START DATA SHOWN

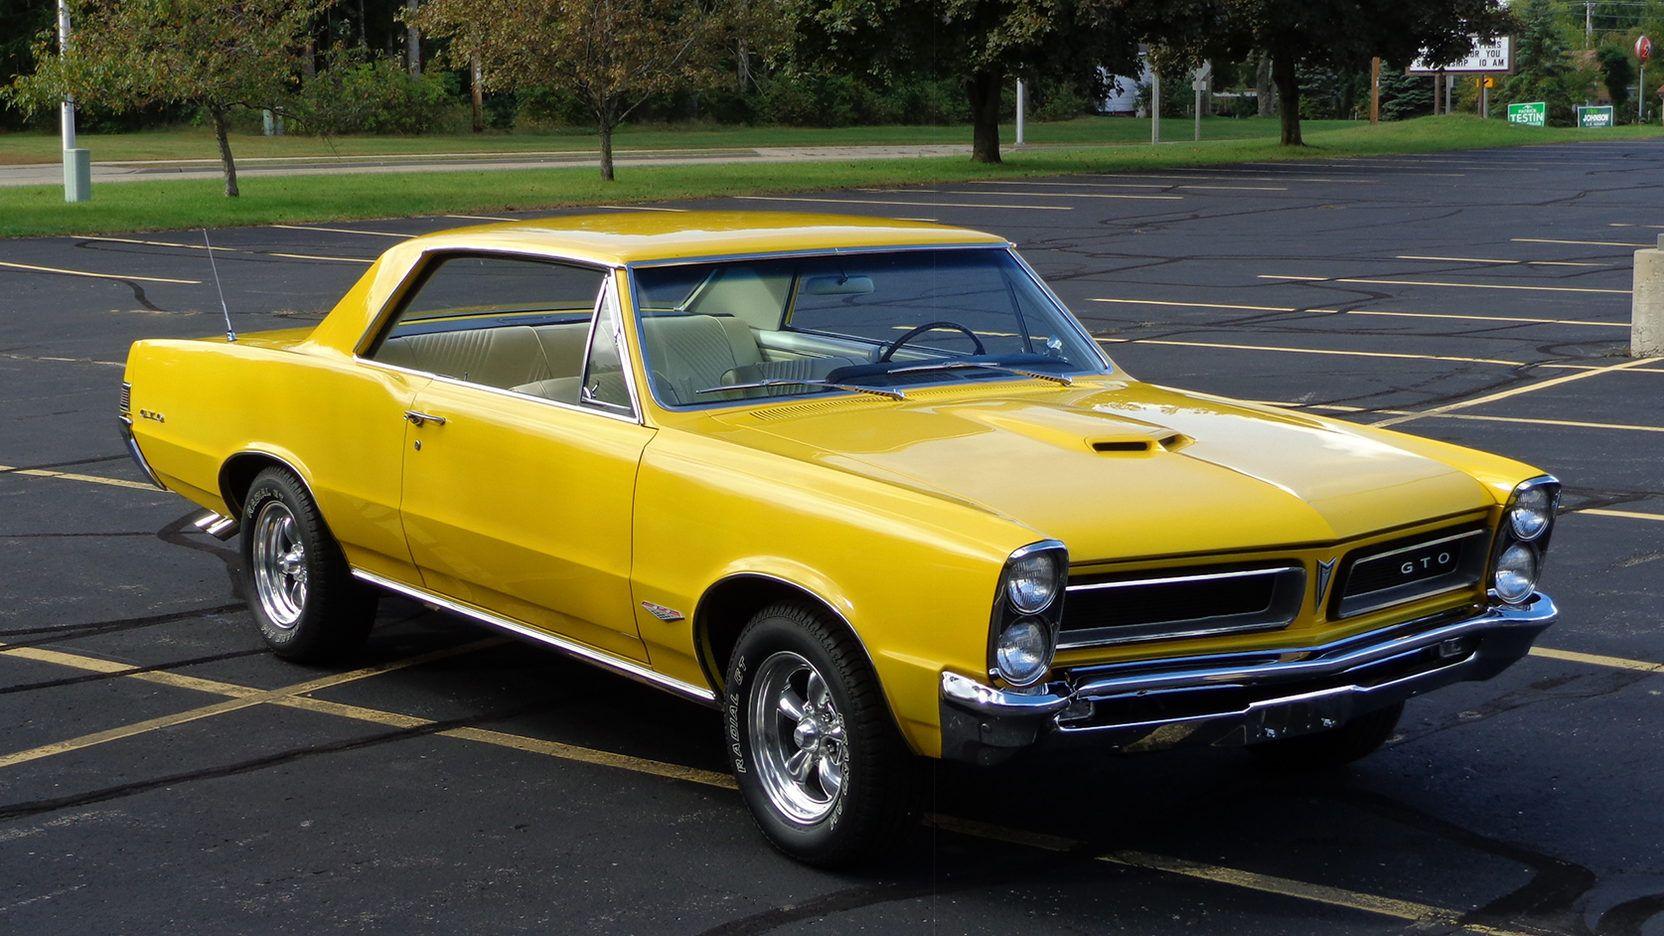 1965 Pontiac Gto 455 Tri Power 4 Speed 3 55 Positraction Rear 1965 Pontiac Gto Pontiac Gto Gto
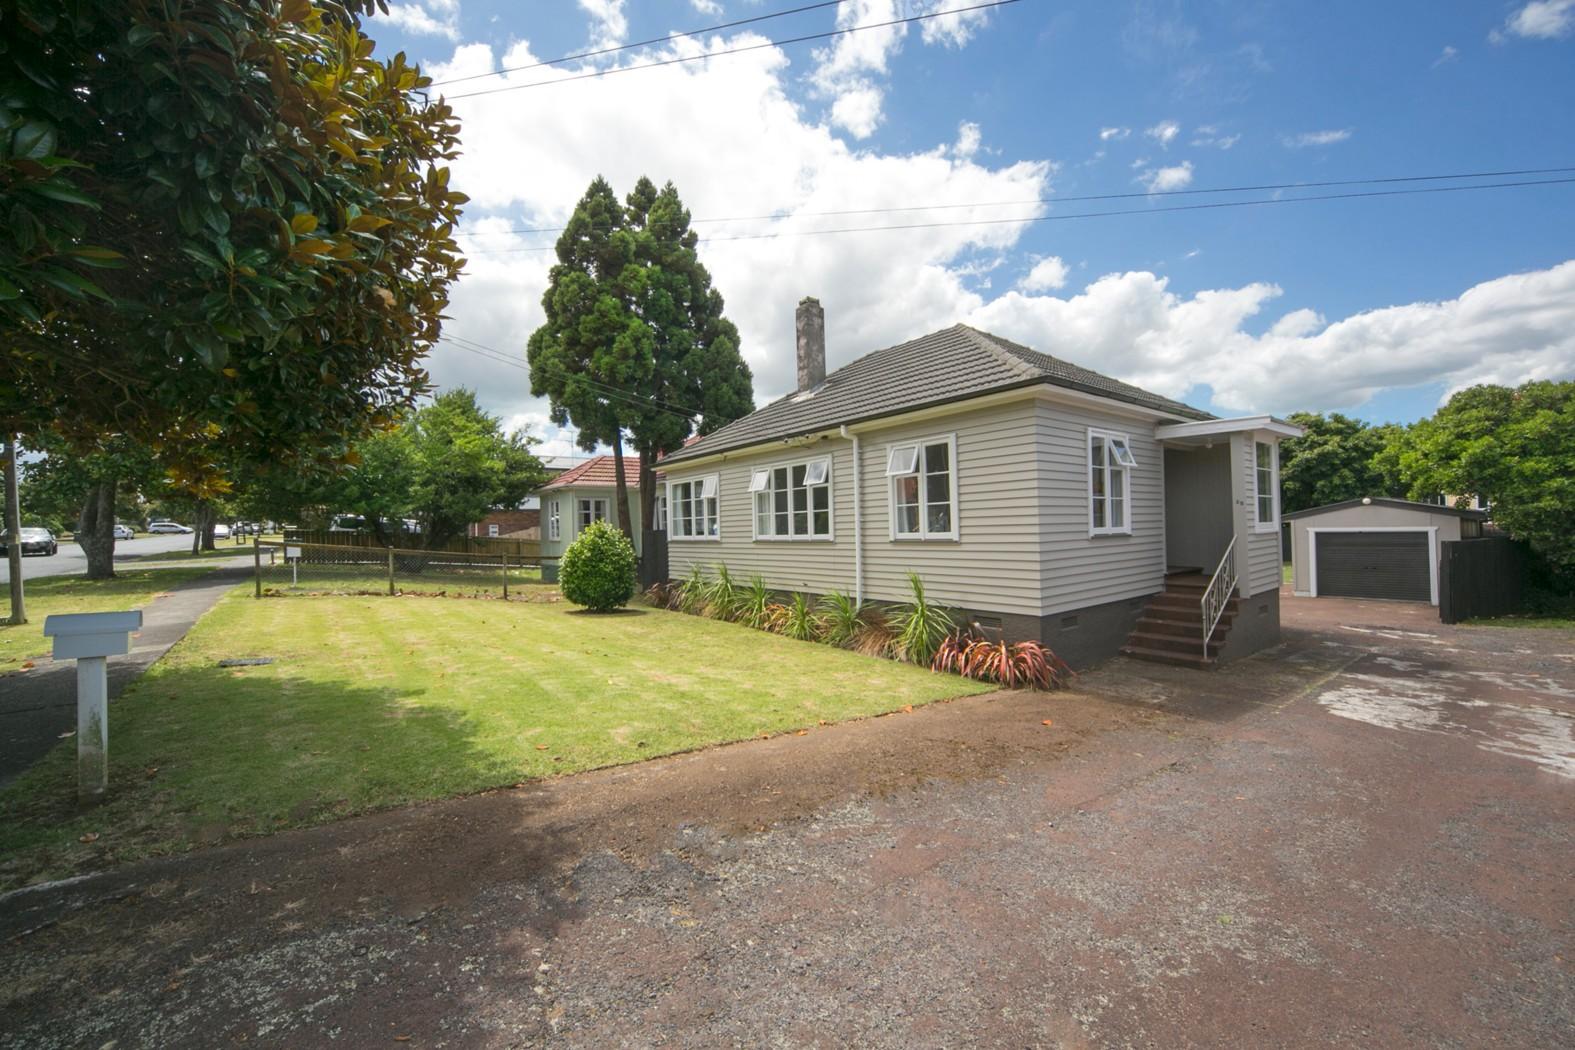 35 Waitangi Road, ONEHUNGA, Auckland City 1061 - Sold ...
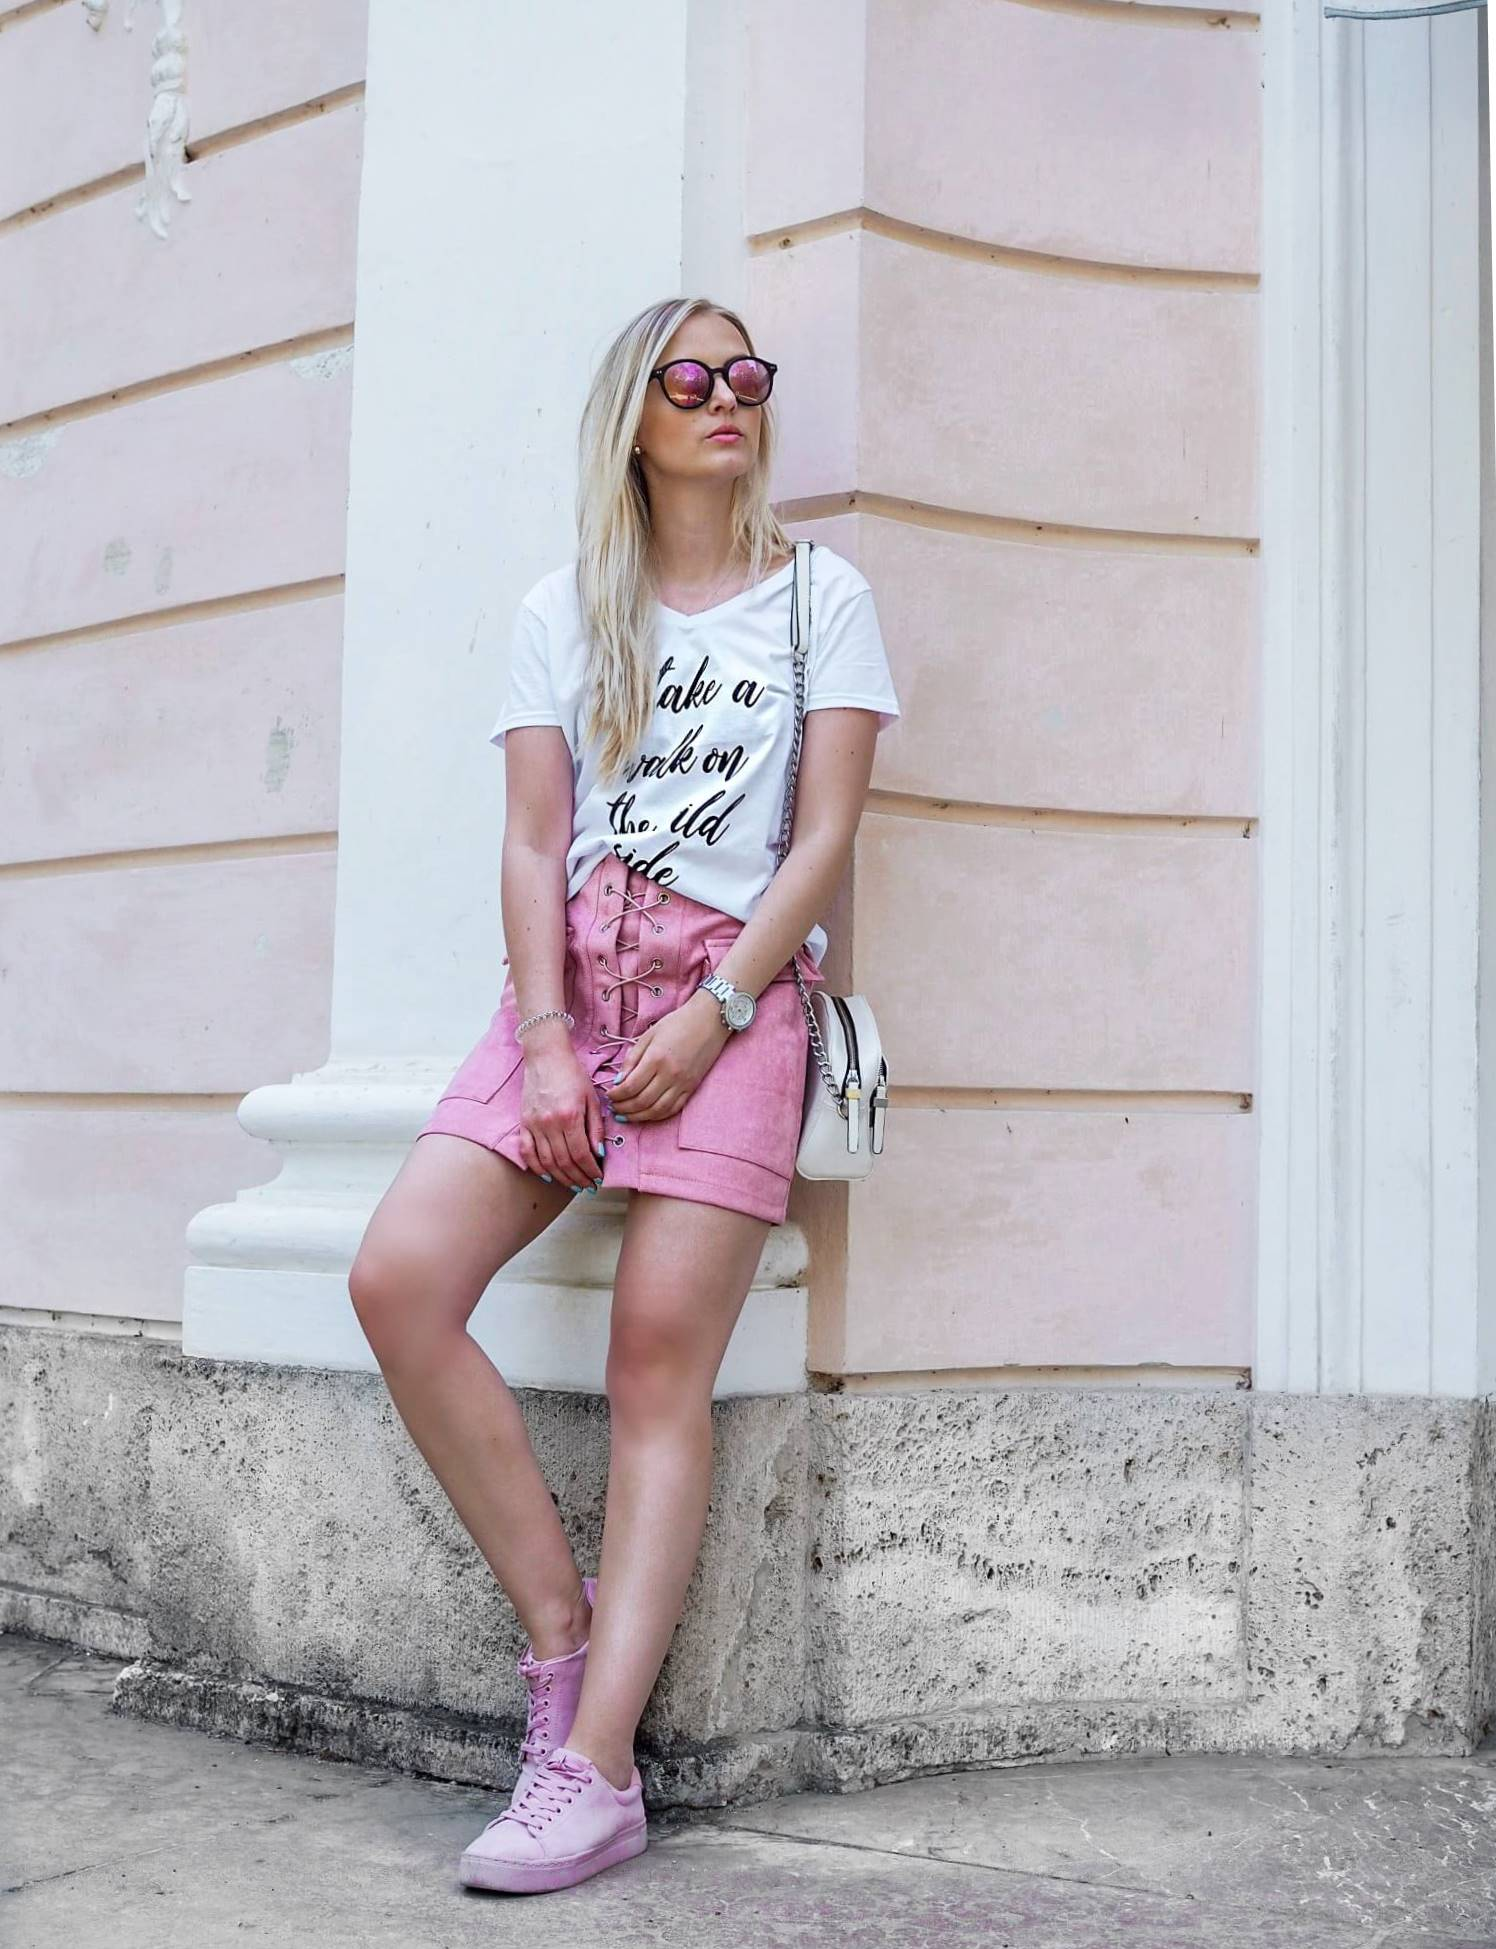 Modeblog Fashionblog Shirt bedrucken Katefully München Shirt selber bedrucken gestalten DIY ootd Modeoutfit Rock Top rosa Streetstyle Fashiontipps Designerin

END DATA SHOWN

• _BRIEF_: Print the material above once more, exactly, minus the pictures.

• _ANSWER BOX_:
 1965 Pontiac Gto 455 Tri Power 4 Speed 3 55 Positraction Rear 1965 Pontiac Gto Pontiac Gto Gto
 35 Waitangi Road, ONEHUNGA, Auckland City 1061 - Sold ...
 Modeblog Fashionblog Shirt bedrucken Katefully München Shirt selber bedrucken gestalten DIY ootd Modeoutfit Rock Top rosa Streetstyle Fashiontipps Designerin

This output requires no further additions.